Top of Collected material

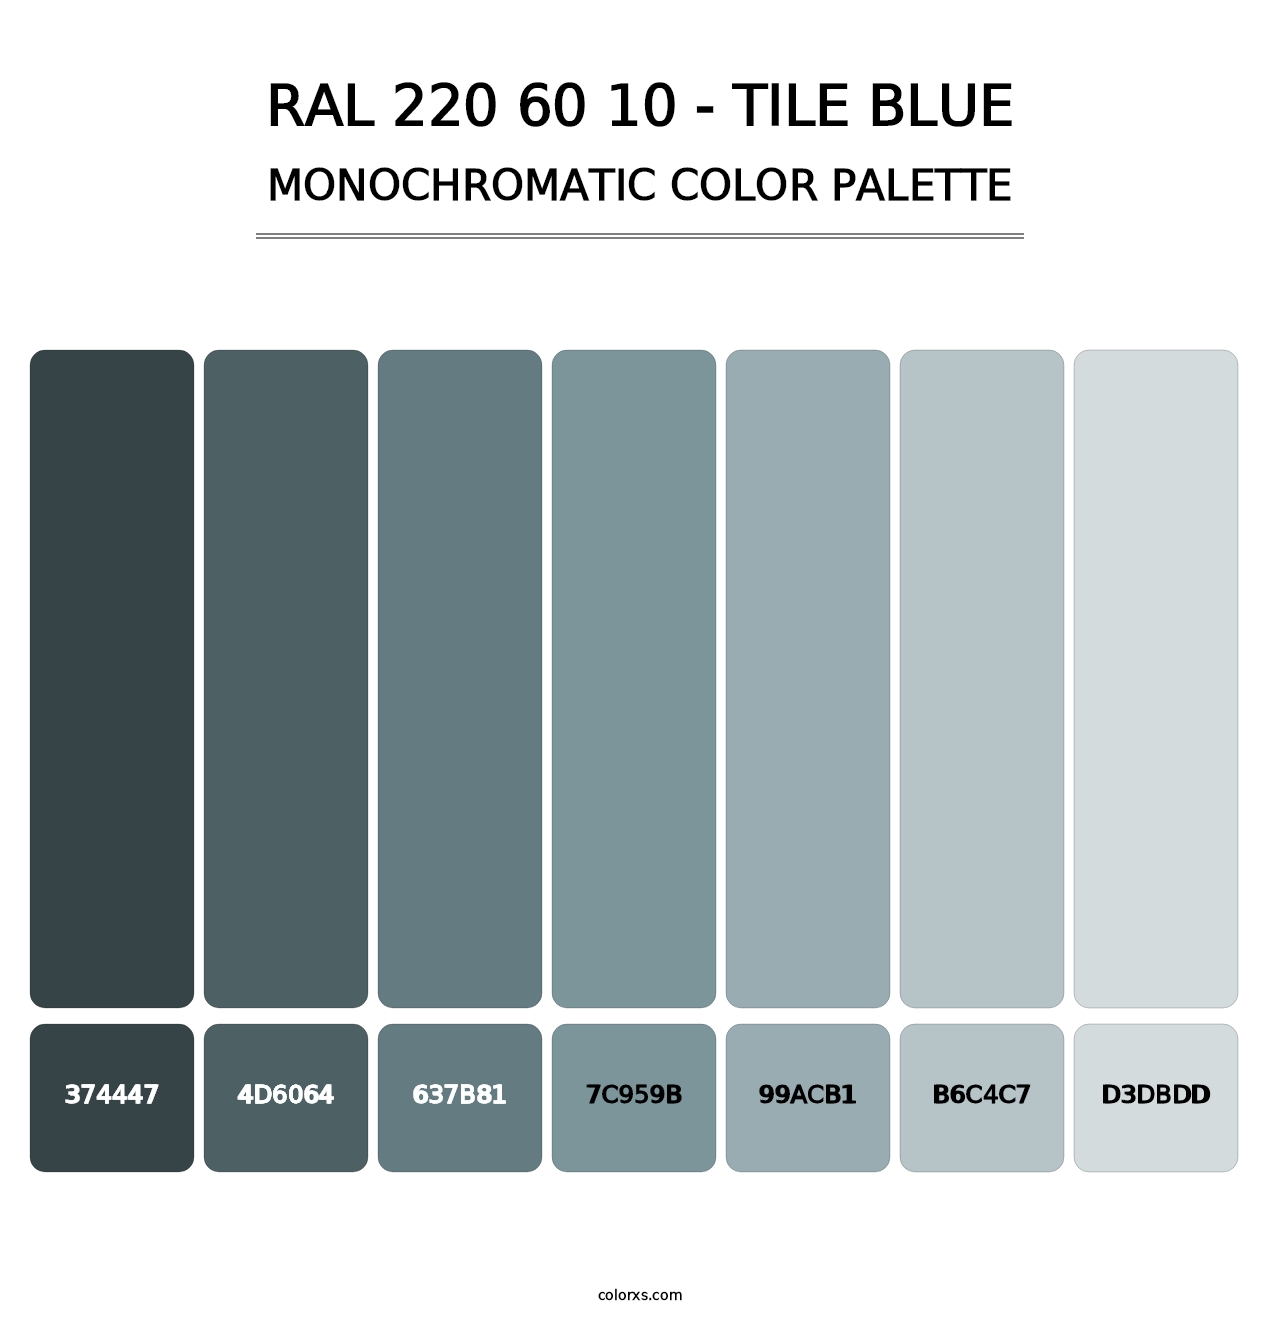 RAL 220 60 10 - Tile Blue - Monochromatic Color Palette
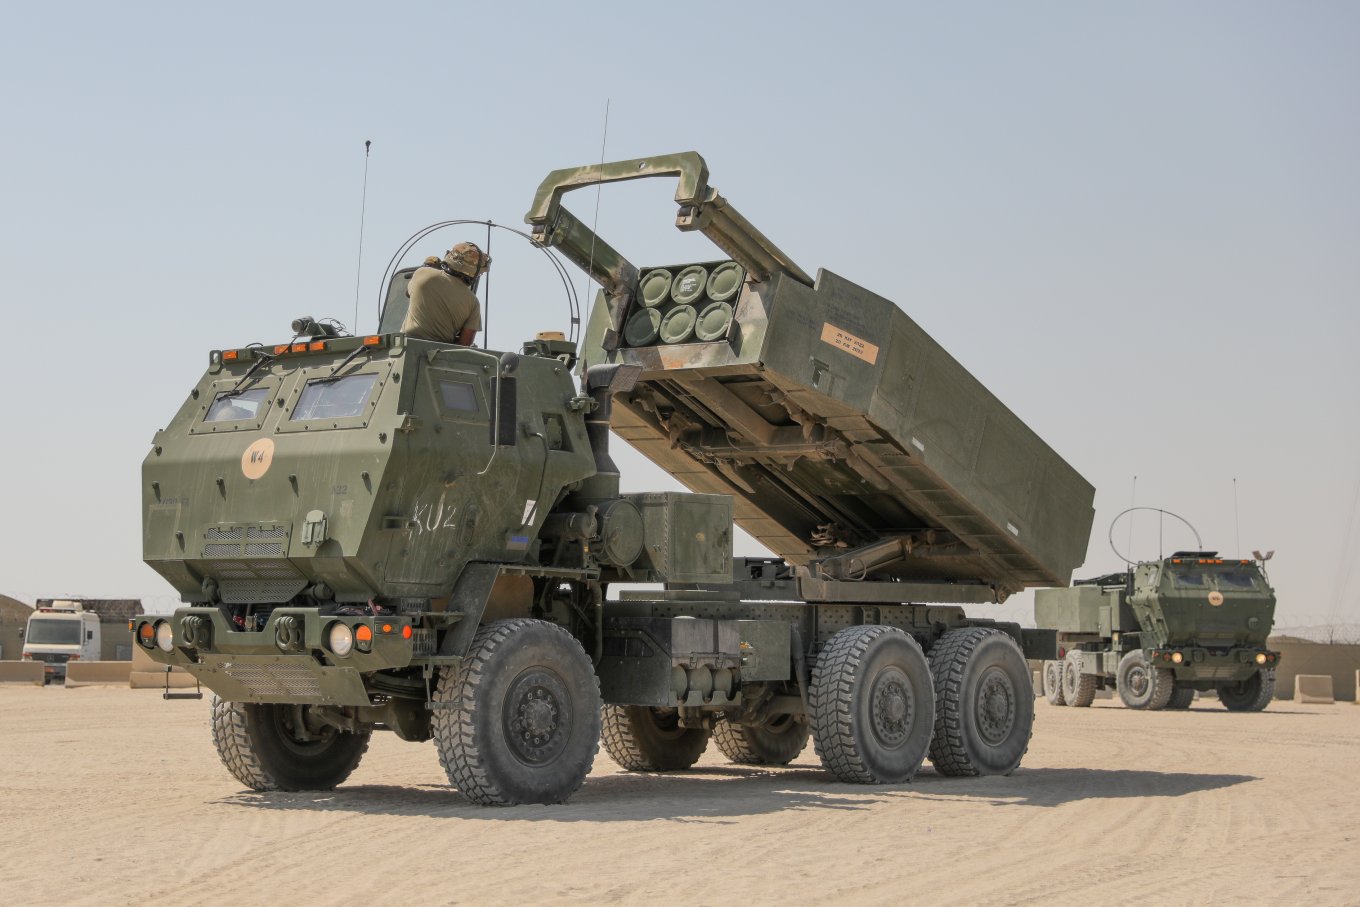 High-Mobility Artillery Rocket System – HIMARS
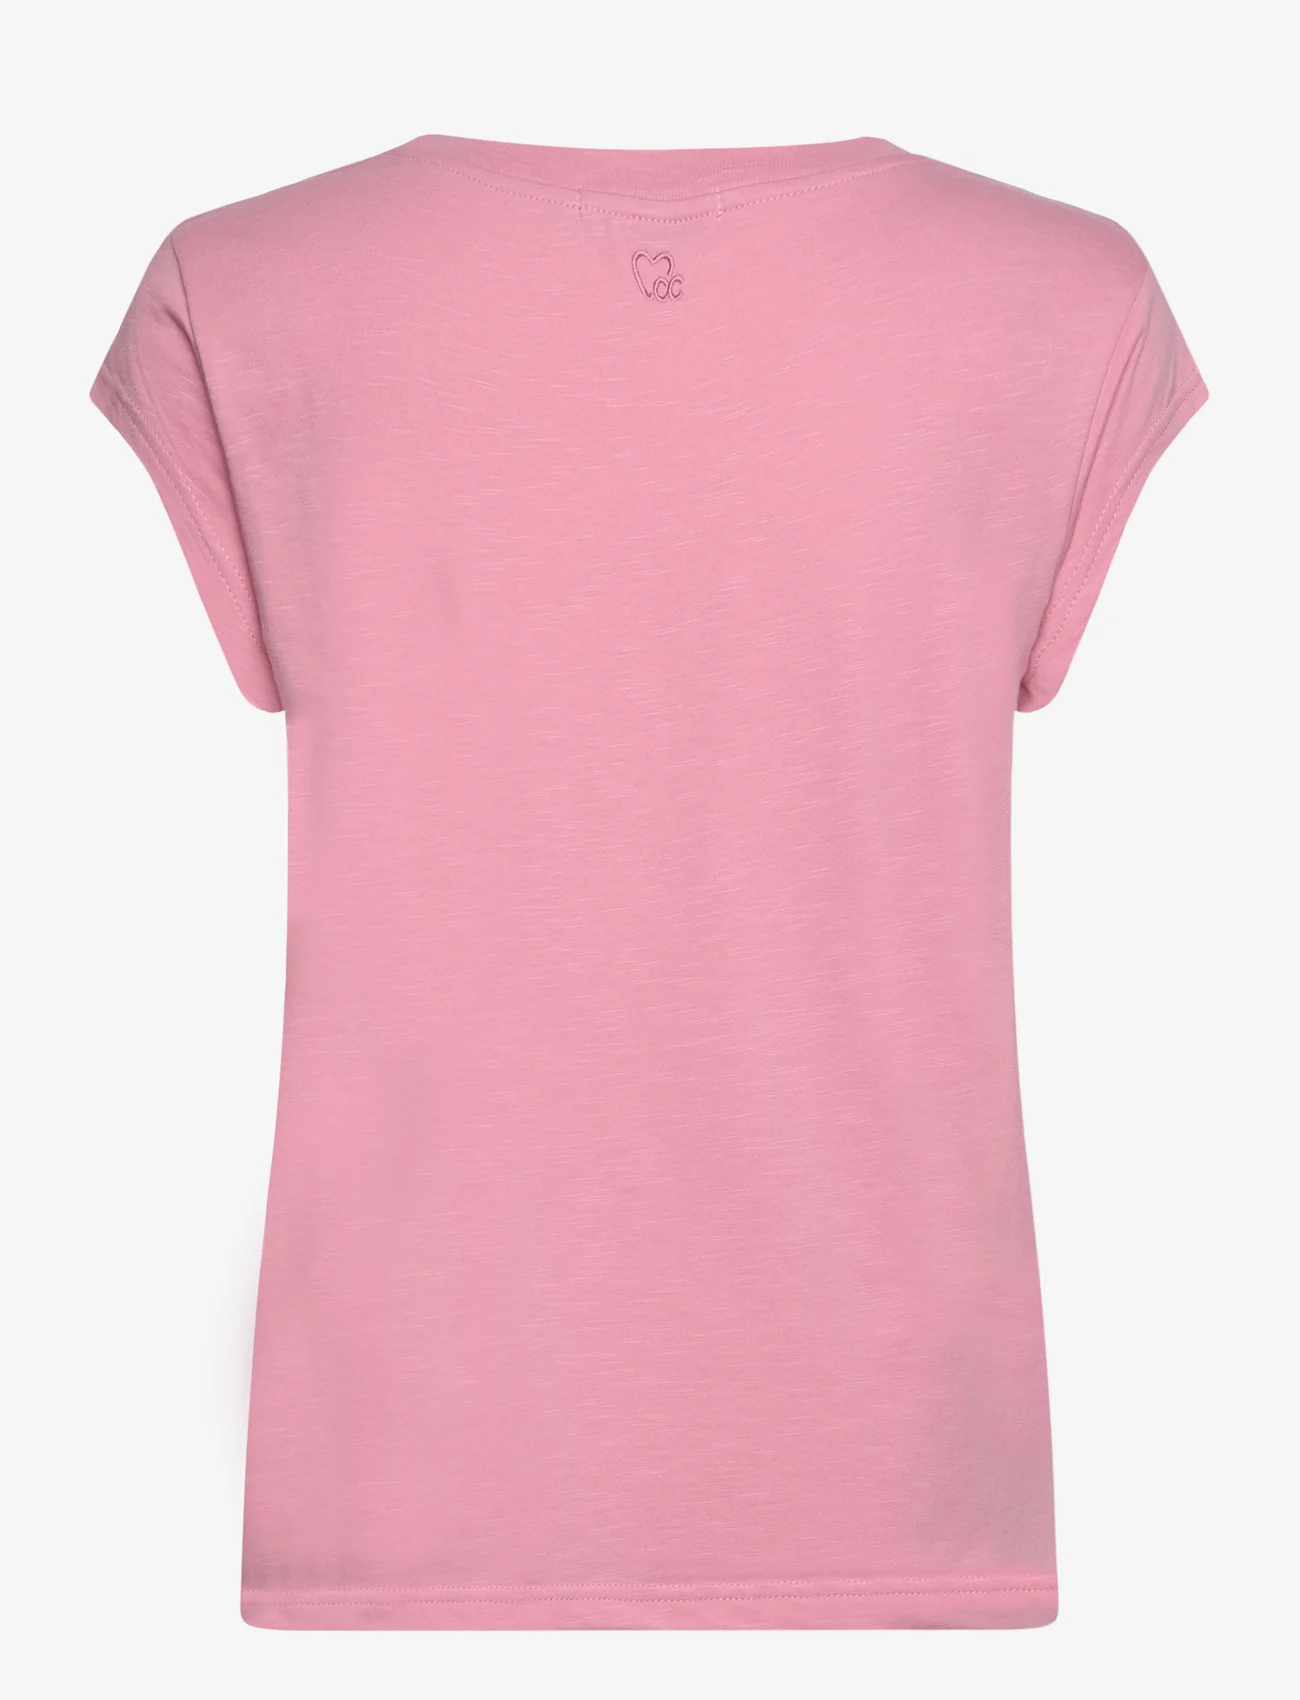 Coster Copenhagen - CC Heart basic t-shirt - die niedrigsten preise - dust pink - 1

Bottom of Collected material

Pictures stay out. Copy exactly, and only, the lines from the one containing "High-Mobility Artillery Rocket" through the end of the data.

 High-Mobility Artillery Rocket System – HIMARS
 Coster Copenhagen - CC Heart basic t-shirt - die niedrigsten preise - dust pink - 1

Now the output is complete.